Find the measure of an angle with measure 8 less than the measure of its complement
Let's call the measure of the angle x. The measure of its complement, which is the angle that, when added to x, equals 90 degrees, can be represented as (90 - x).
According to the given information, the measure of the angle is 8 less than its complement.

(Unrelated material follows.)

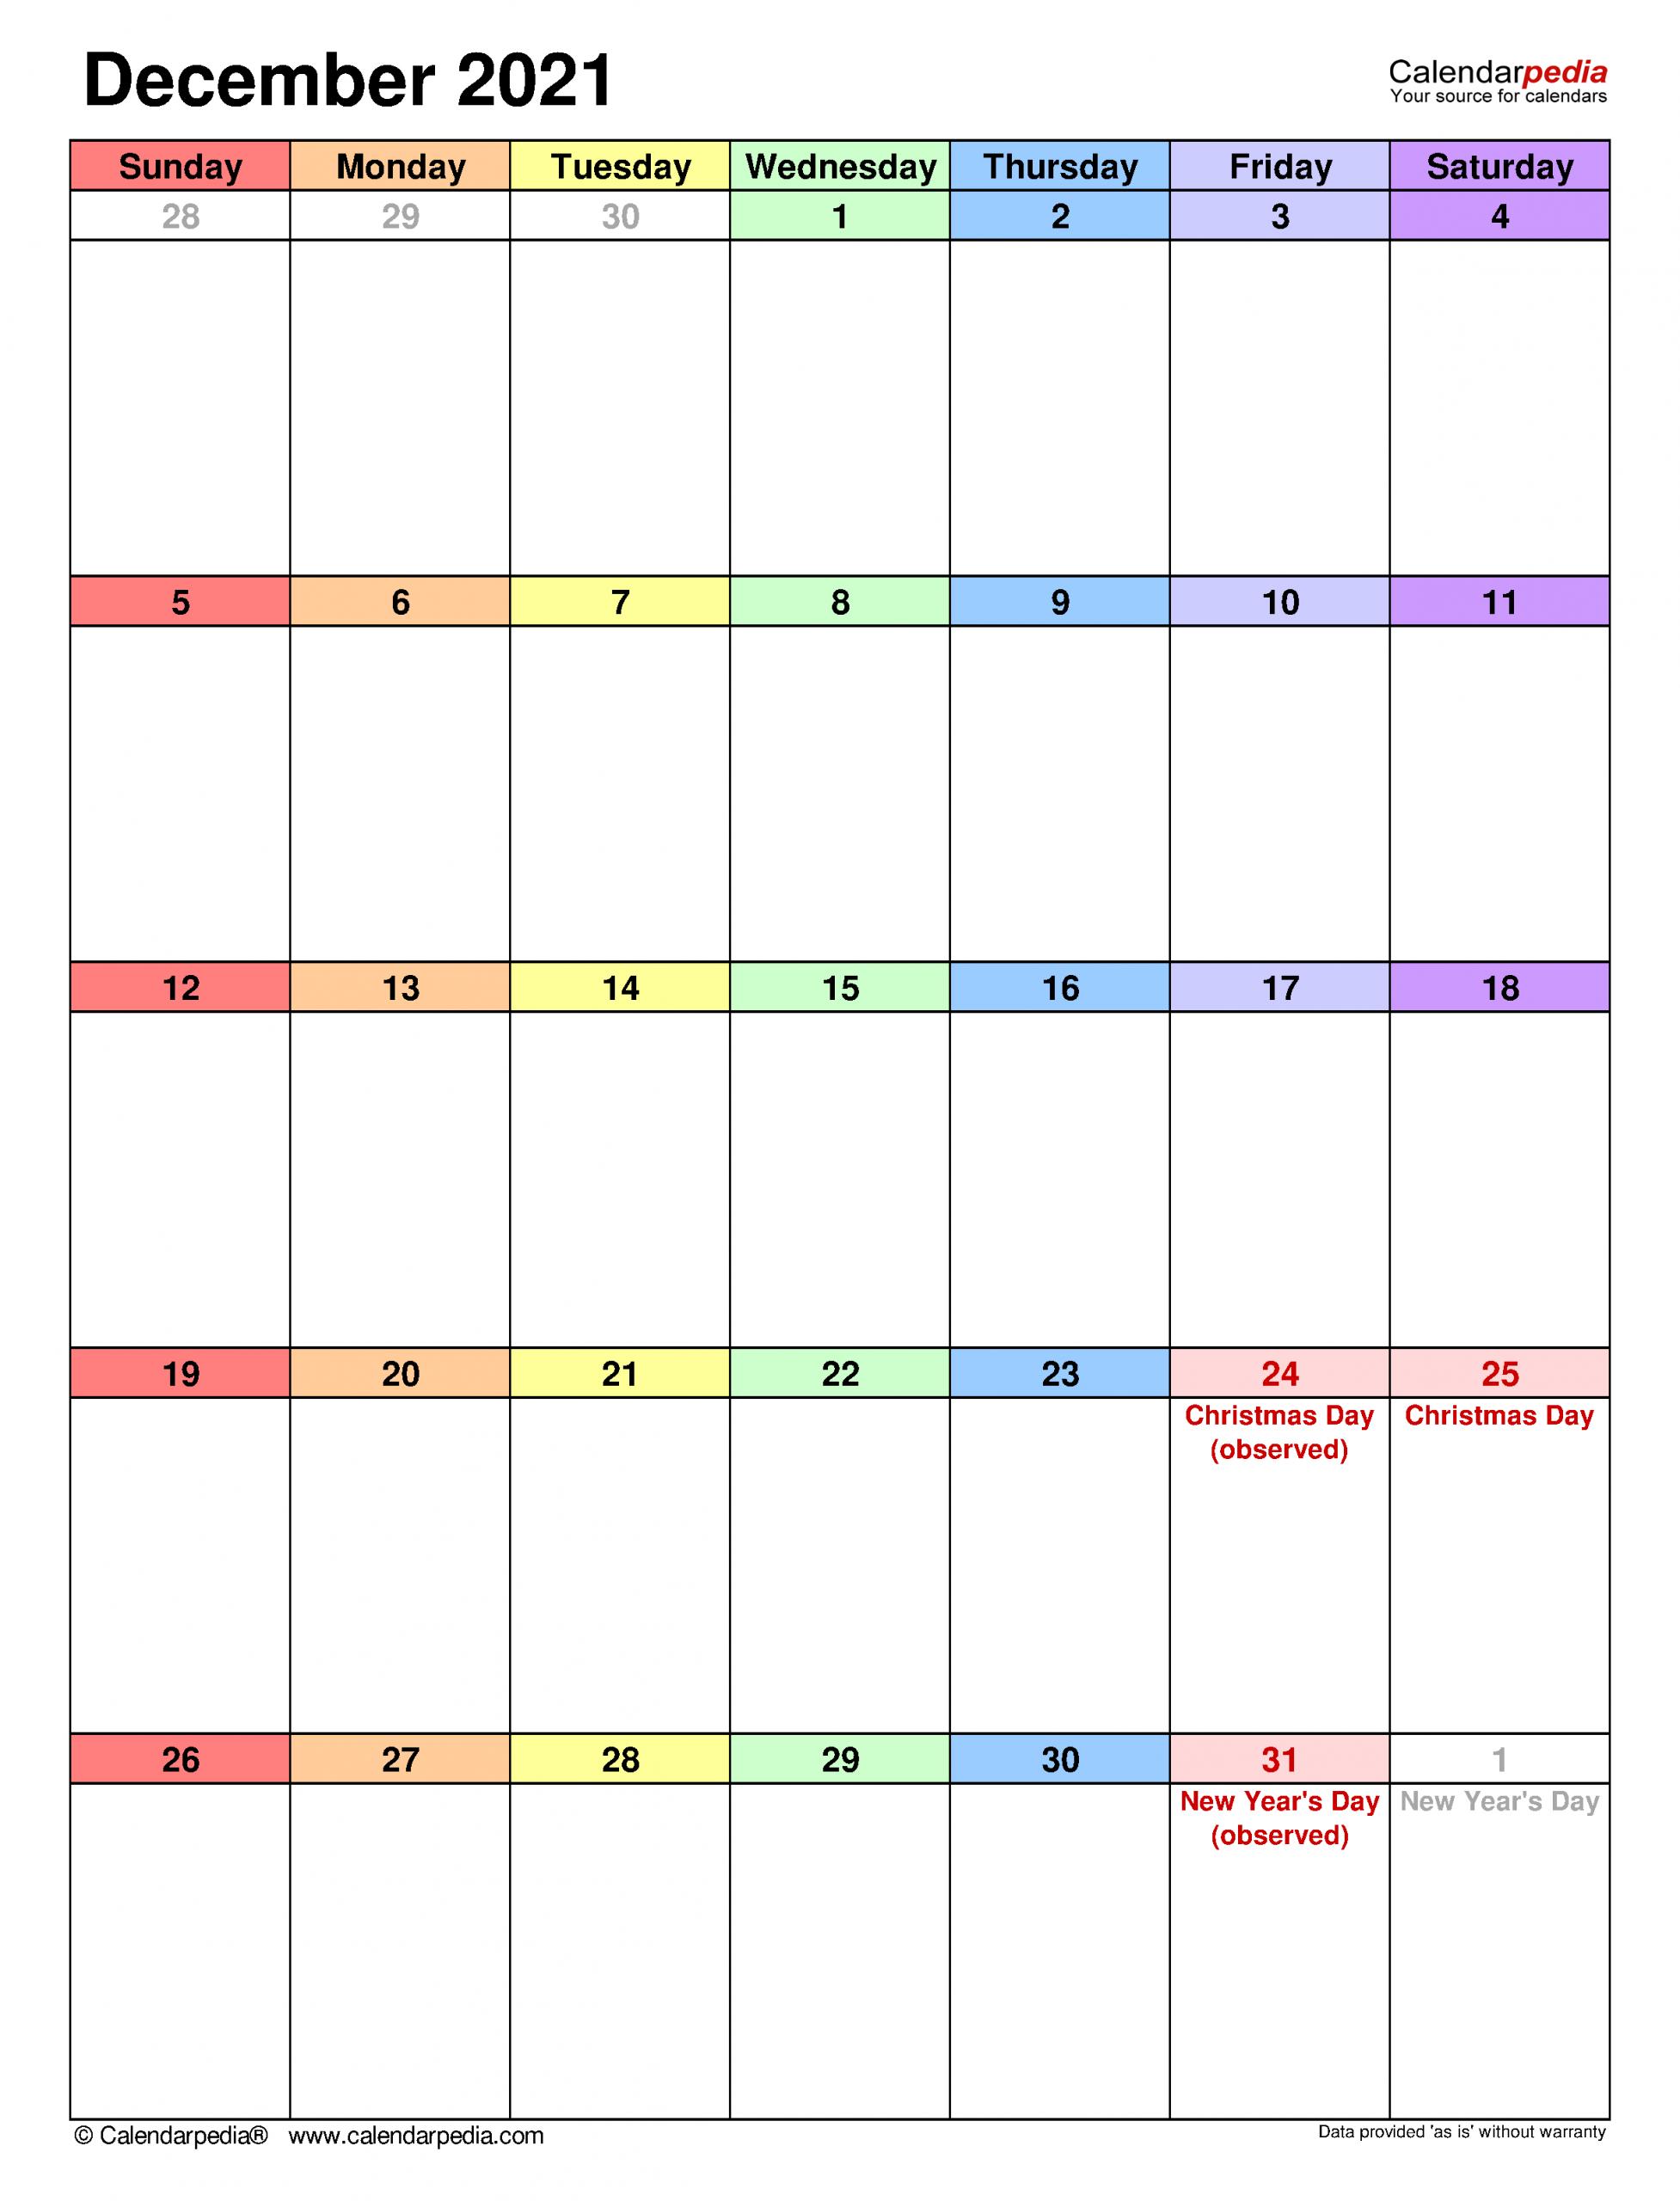 December 2021 Calendar | Templates For Word, Excel And Pdf December 2021 Calendar Printable Free

We can form the equation as follows:
x = (90 - x) - 8
Now, let's solve for x:
x = 90 - x - 8
2x = 82
x = 41
Therefore, the measure of the angle is 41 degrees.
To find the measure of an angle with measure 8 less than the measure of its complement, let's break down the problem.
First, let's define some terms:
- Complement: Two angles are complementary if their measures add up to 90 degrees.
- Measure of an angle: The degree measurement of an angle.
Let the measure of the angle be "x."
The complement of the angle is 90 - x, since the sum of the angle and its complement is 90 degrees.
Now, according to the problem, we need to find an angle whose measure is 8 less than the measure of its complement.
Mathematically, this can be expressed as:
x = (90 - x) - 8
To solve for x, let's simplify the equation:
x = 90 - x - 8
Combine like terms:
x = 82 - x
Add x to both sides of the equation:
2x = 82
Divide both sides by 2:
x = 41
Therefore, the measure of the angle is 41 degrees.